Quantifying and reducing bias in data exploration using information theory

Speaker: James Zou
Microsoft Research

Venue: Packard 202
Time: 4 pm to 5 pm
Date: Wednesday, January 27, 2016

Abstract

Modern data is messy and high-dimensional, and it is often not clear a priori what to look for. Instead, a human or an analysis algorithm needs to explore the data to identify interesting hypotheses to test. It is widely recognized that this exploration, even when well-intentioned, can lead to statistical biases and false discoveries. We propose a general framework using mutual information to quantify and provably bound the bias (and other properties) of arbitrary data exploration processes.

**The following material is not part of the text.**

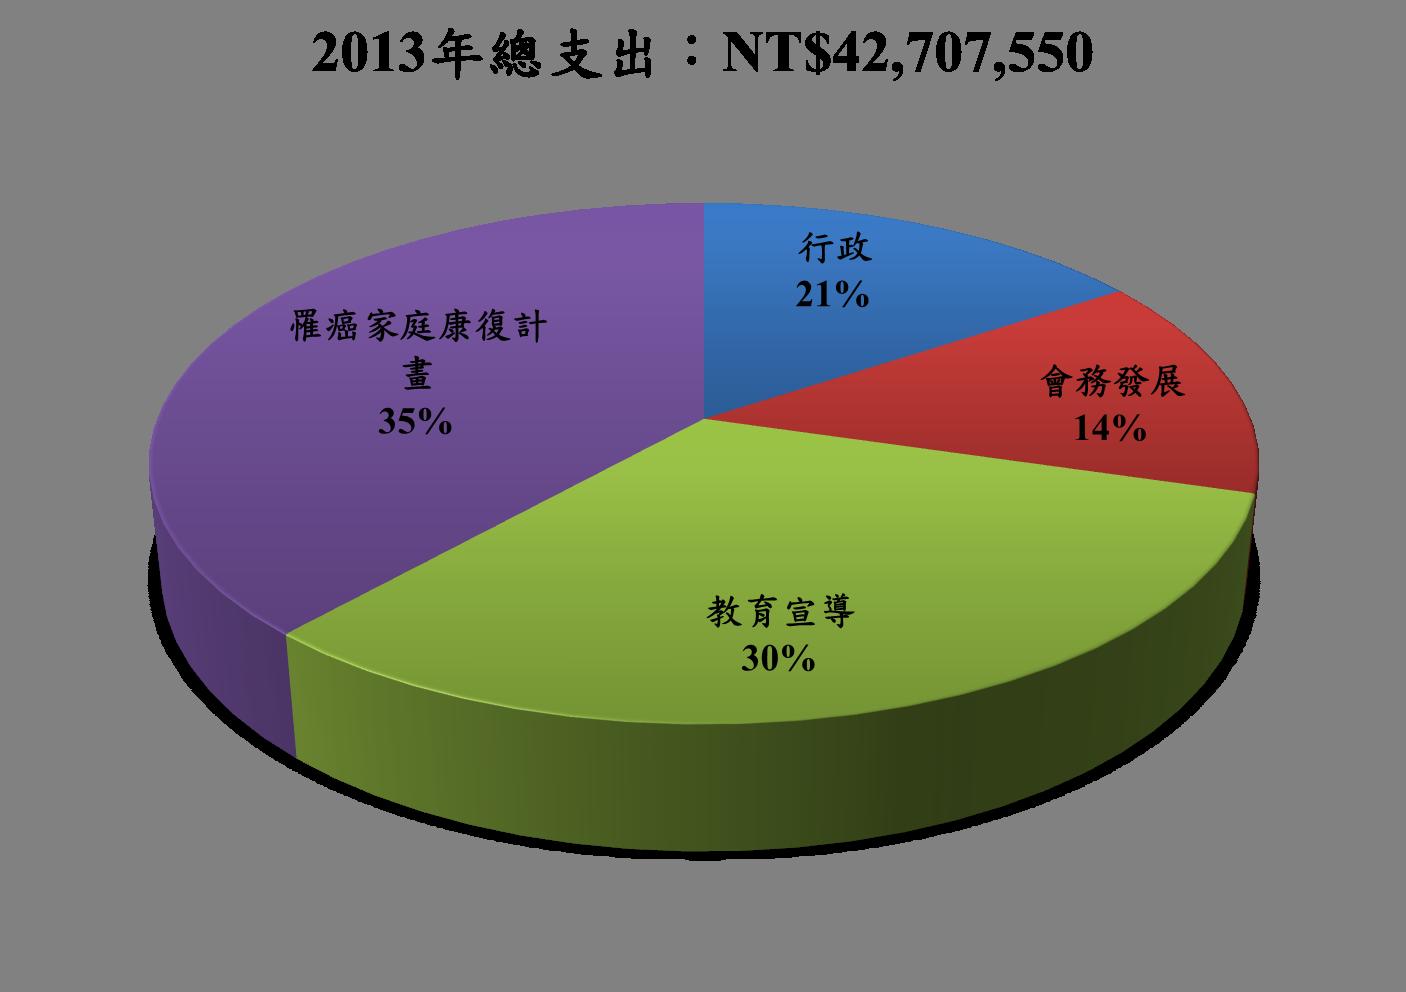 2013總支出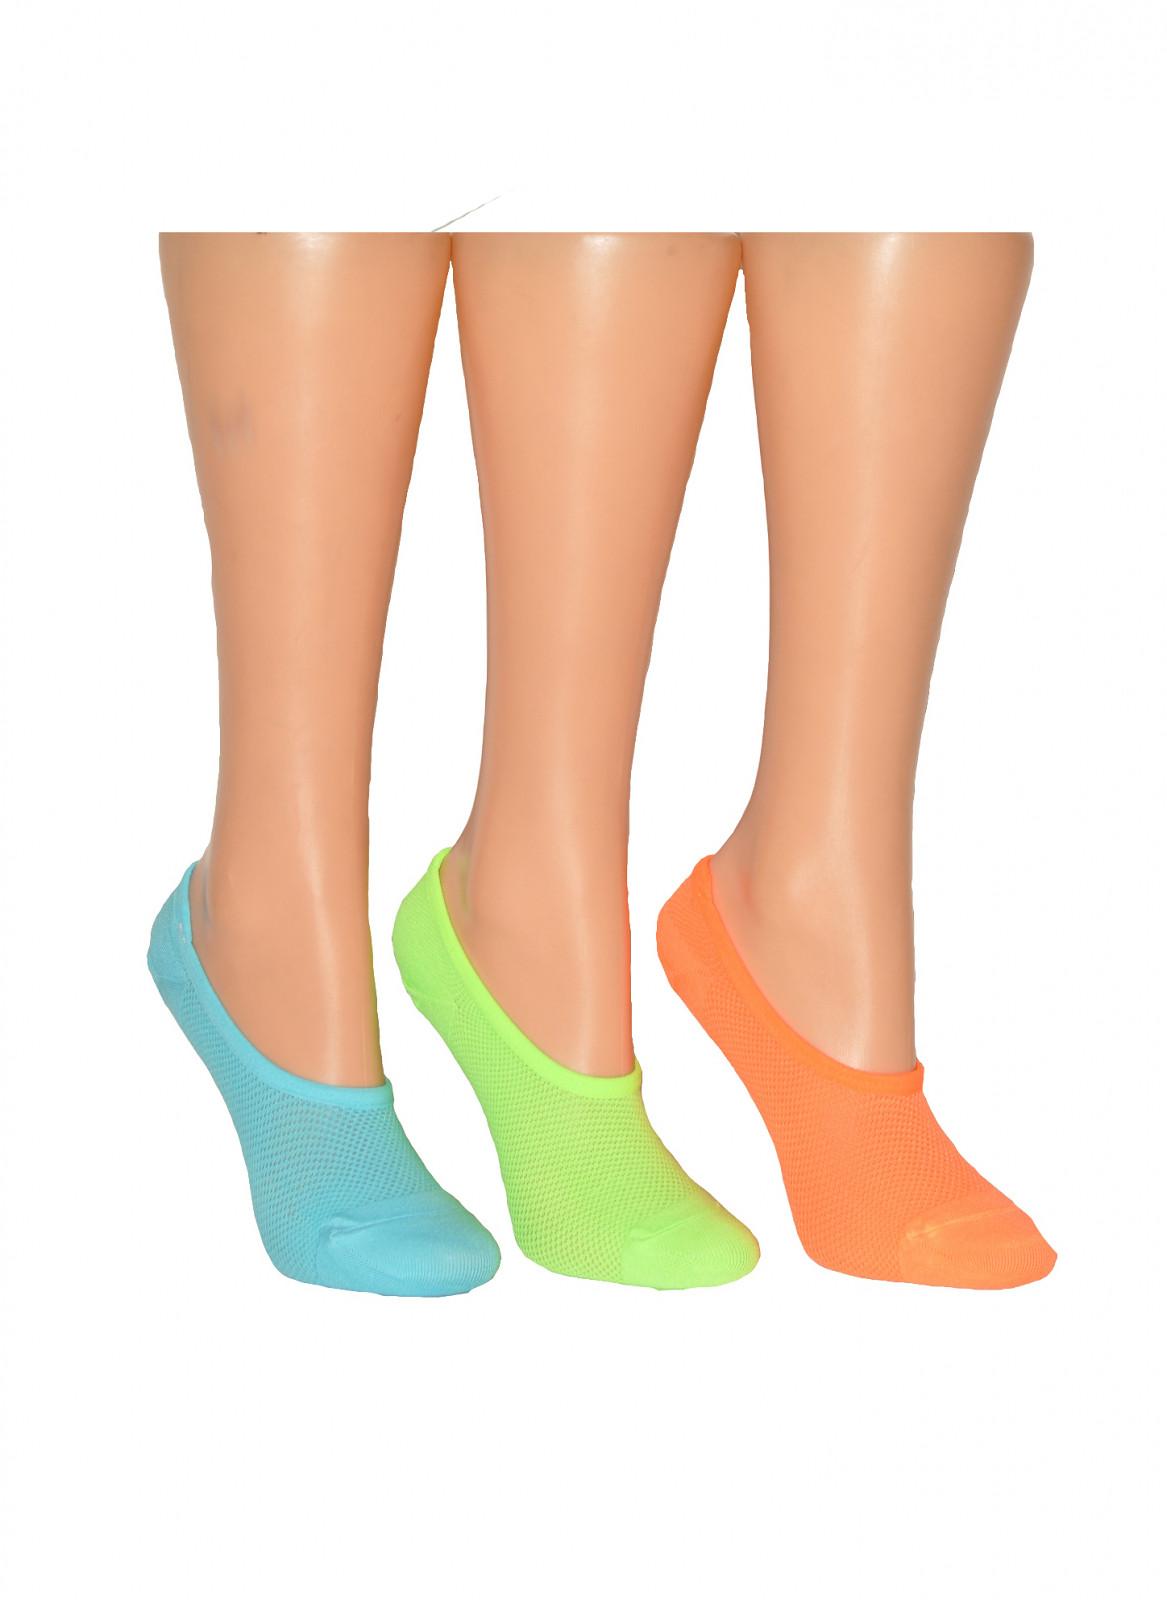 da74e310e42 Dámské nízké ponožky Rebeka 10791 bambusové bílá univerzální

We show that our bound is tight in natural settings, and apply it to characterize conditions under which common analytic practices, e.g. rank selection, LASSO and hold-out sets, do or do not lead to substantially biased estimation. Finally we show how, by viewing bias through this information lens, we can derive randomization approaches that effectively reduce false discoveries.

Speaker Bio

James Zou is a postdoc at Microsoft Research New England. He works on machine learning and applications to human genomics. He received his Ph.D. from Harvard University in May 2014 and also spent half time at the Broad Institute, supported by a NSF Graduate Fellowship. In Spring 2014, he was a Simons research fellow at U.C. Berkeley.